So much rested on what would take place over the next few standard days.

So much rested on whether Lord Sidious’s plan could succeed on all fronts—even though forced to unfold hastily, because of a foolish oversight by Nute Gunray.

Outside, under Tythe’s yellow-gray sky, his sloop was waiting, and standing alongside it the ship’s pilot droid.

“A recorded message,” the droid announced. “From General Grievous.”

“Play it!” Dooku said as he hurried up the sloop’s aft boarding ramp and into the instrument-filled main hold.

A paused holoimage of the cyborg floated in blue light.

Throwing off his dusty cape, Dooku paced while the FA-4 triggered the recording to replay.

“Lord Tyranus,” Grievous said, in motion suddenly and genuflecting. “Supreme Chancellor Palpatine will soon be ours.”

Dooku exhaled in satisfaction. “And just in time,” he muttered.

As if recalled to life, he positioned himself on the transmission grid and sent a simple return message: “General, I will join you shortly.”

Padmé’s eyes fluttered open.

Into focus swam the faintly smiling face of Mon Mothma.

“No sleeping on the job, Senator,” Mon Mothma said, as if from underwater. “We have to get you out of here.”

Padmé took stock of herself; realized that she was reclined in the rear seat of Stass Allie’s skimmer. Her head was pillowed on Mon Mothma’s left arm, and her ears felt as if they were plugged with cotton.

“How long—”

“Just for a moment,” Mon Mothma said in the same watery tone. “I don’t think you struck your head. You were fine after the crash. Then you fainted. Can you move?”

Padmé sat up and saw that the skimmer’s safety mechanisms had deployed. Light-headed but unhurt, she brushed her hair from her face. “I can barely hear you.”

Mon Mothma regarded her in knowing silence, then extended a hand to help her climb from the craft. “Padmé, you have to be careful. Quickly, now.”

She nodded. “Crashing wasn’t exactly on my agenda.”

Mon Mothma hurried her away from the skimmer, to where Bail and C-3PO were hiding behind the blockish pedestal of a modernistic sculpture.

“Master Allie doesn’t strike me as someone who will sue for damages,” the droid was saying.

Still in a daze, Padmé grasped that they had skidded into the plaza that fronted the Embassy Mall, taking out a large holosign and three news kiosks along the way. Bail’s skill had somehow kept them from mowing down pedestrians, who had apparently scattered on first sight of the nose-diving ship. Or perhaps at sight of the craft that had fallen to Separatist fire ahead of the skimmer—a military police vehicle, similar to a Naboo Gian speeder, tipped on its side against the façade of the mall and belching smoke. Sprawled on the plaza close to the vehicle were the charred corpses of three clone troopers.

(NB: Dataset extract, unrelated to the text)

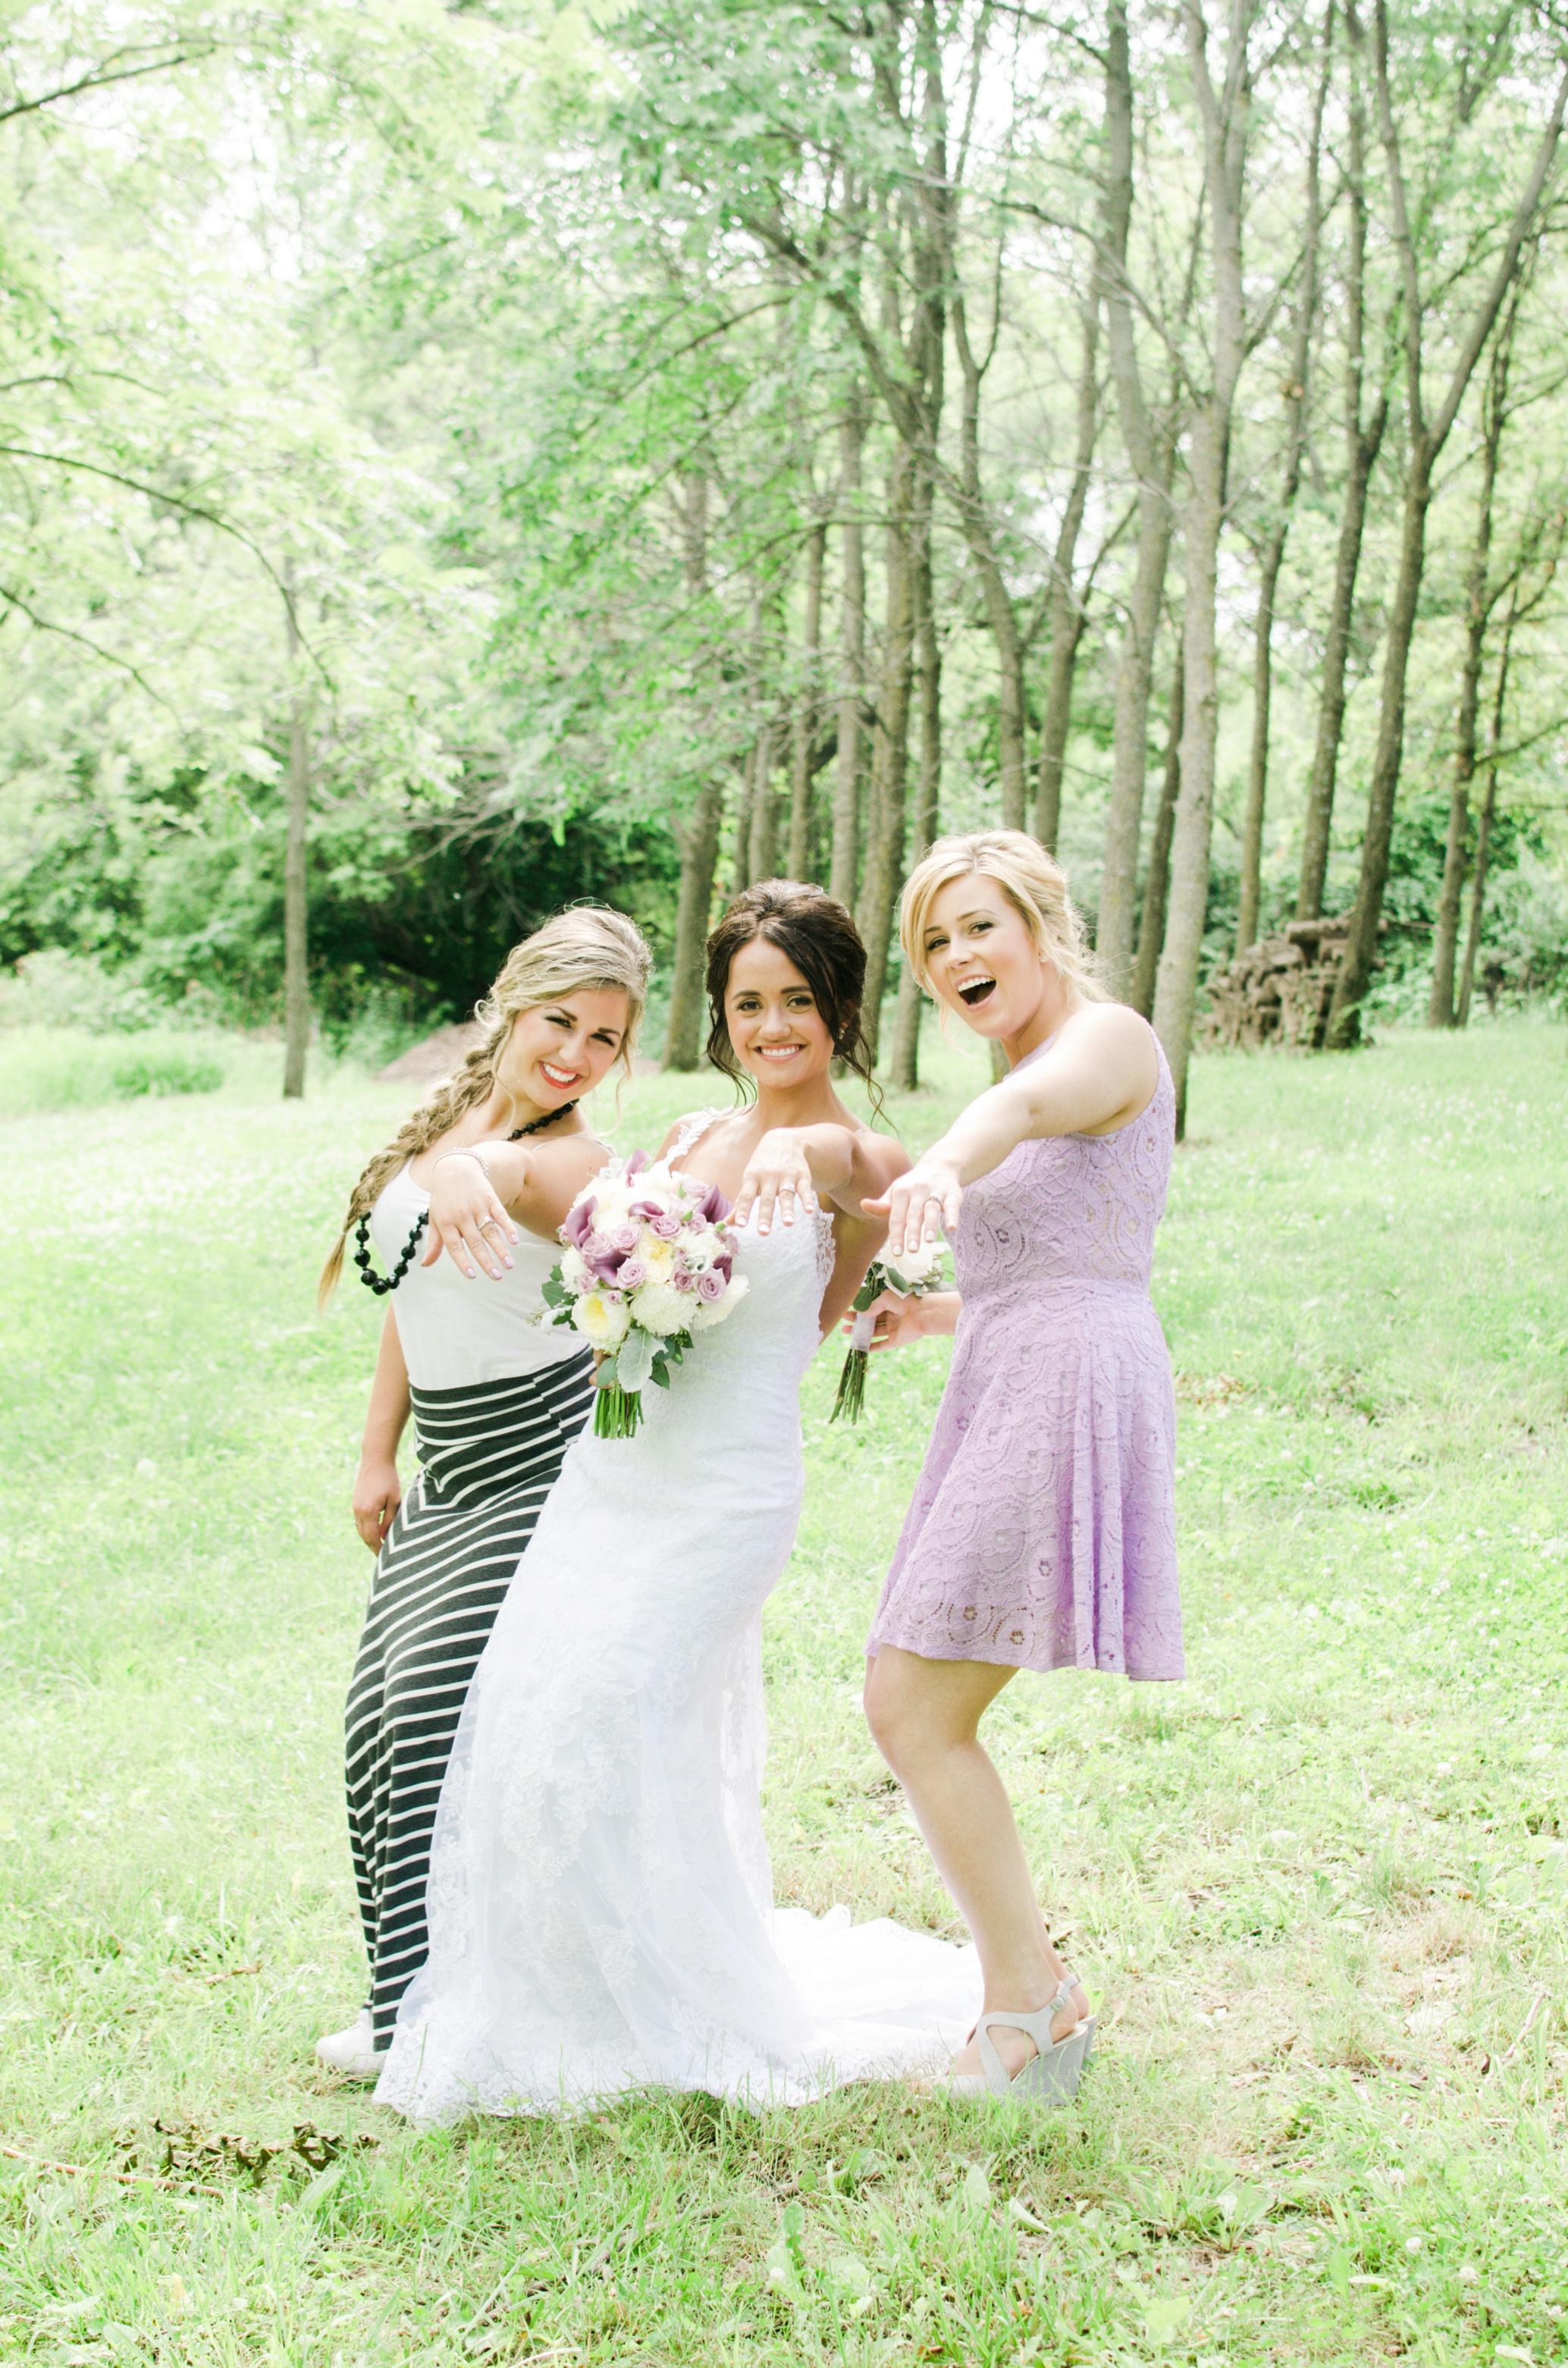 Barnes' Place Rustic Outdoor Wedding | Ali Leigh Photo Minneapolis Wedding Photographer_0116.jpg
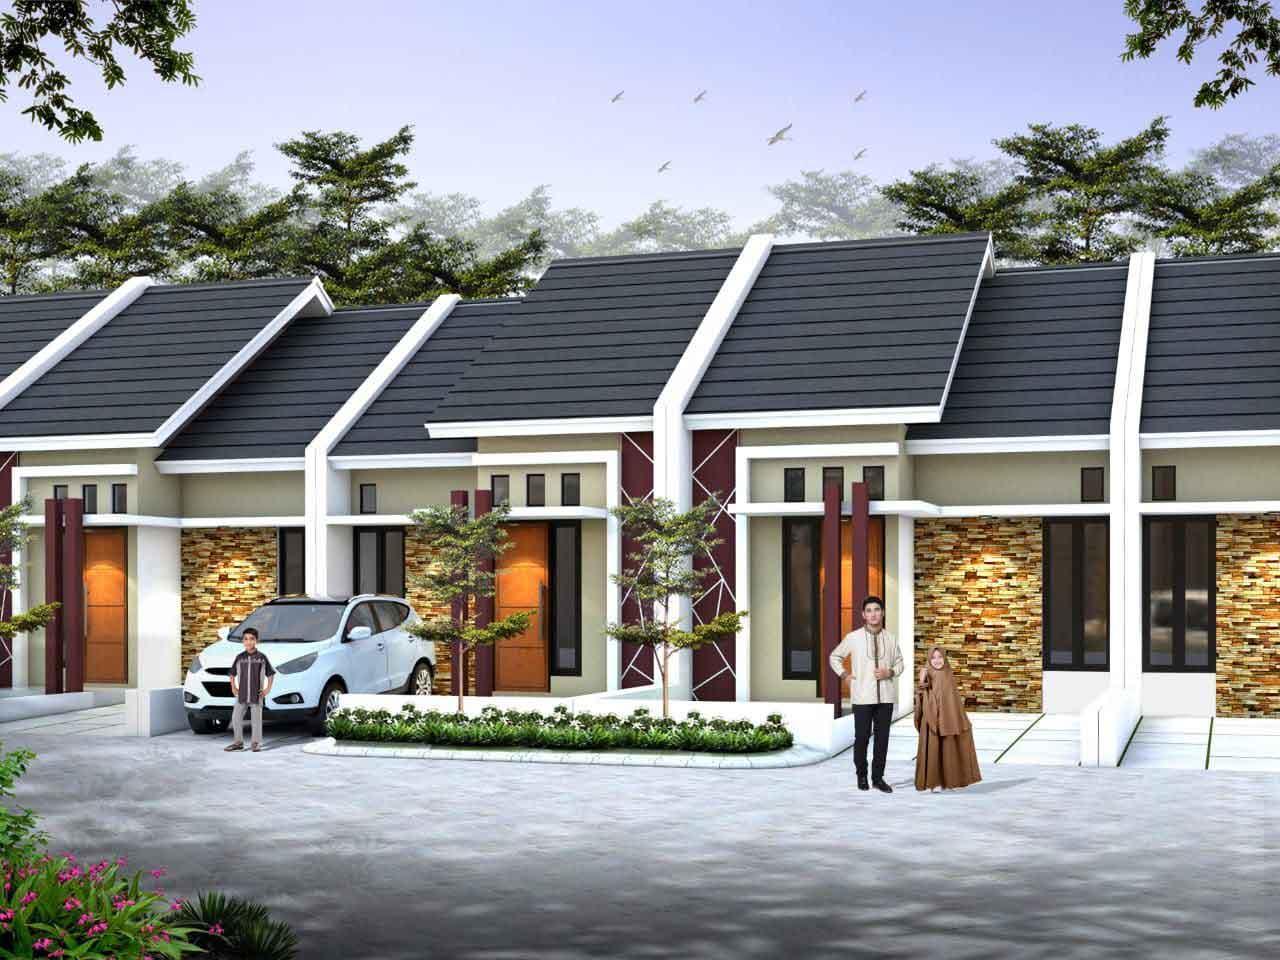 Denah Ruangan Terbaik Pada Rumah Dengan Luas Tanah 60 M2

Reality reasserted itself in a rush of deafening noise, flashing light, and acrid smells. From nearby came anguished moans and terrified screams; from the tiered heights above the plaza, distant discharges of artillery. Higher still, plasma bolts raked the sky; fire bloomed, detonations thundered.

Padmé saw a smear of blood on Bail’s cheek. “You’re hurt—”

“It’s nothing,” he said. “Besides, we have more to worry about.”

She followed his grim gaze, and understood immediately why Coruscanti were fleeing the pedestrian skybridge that linked the mall to the midlevel entrances of the Senate Hospital. Five Vulture droids had alit on the far side of the span and reconfigured to patrol mode. Four-legged gargoyles, with heads deployed forward and sensor slits red as arterial blood, they were striding through Hospital Plaza, sowing destruction. Their four laser cannons were aimed downward, but from paired launchers in their semicircular fuselage flew torpedoes aimed at air taxis, craft attempting to dock at the hospital’s emergency platforms, the tunnel entrances to the Senate shelters …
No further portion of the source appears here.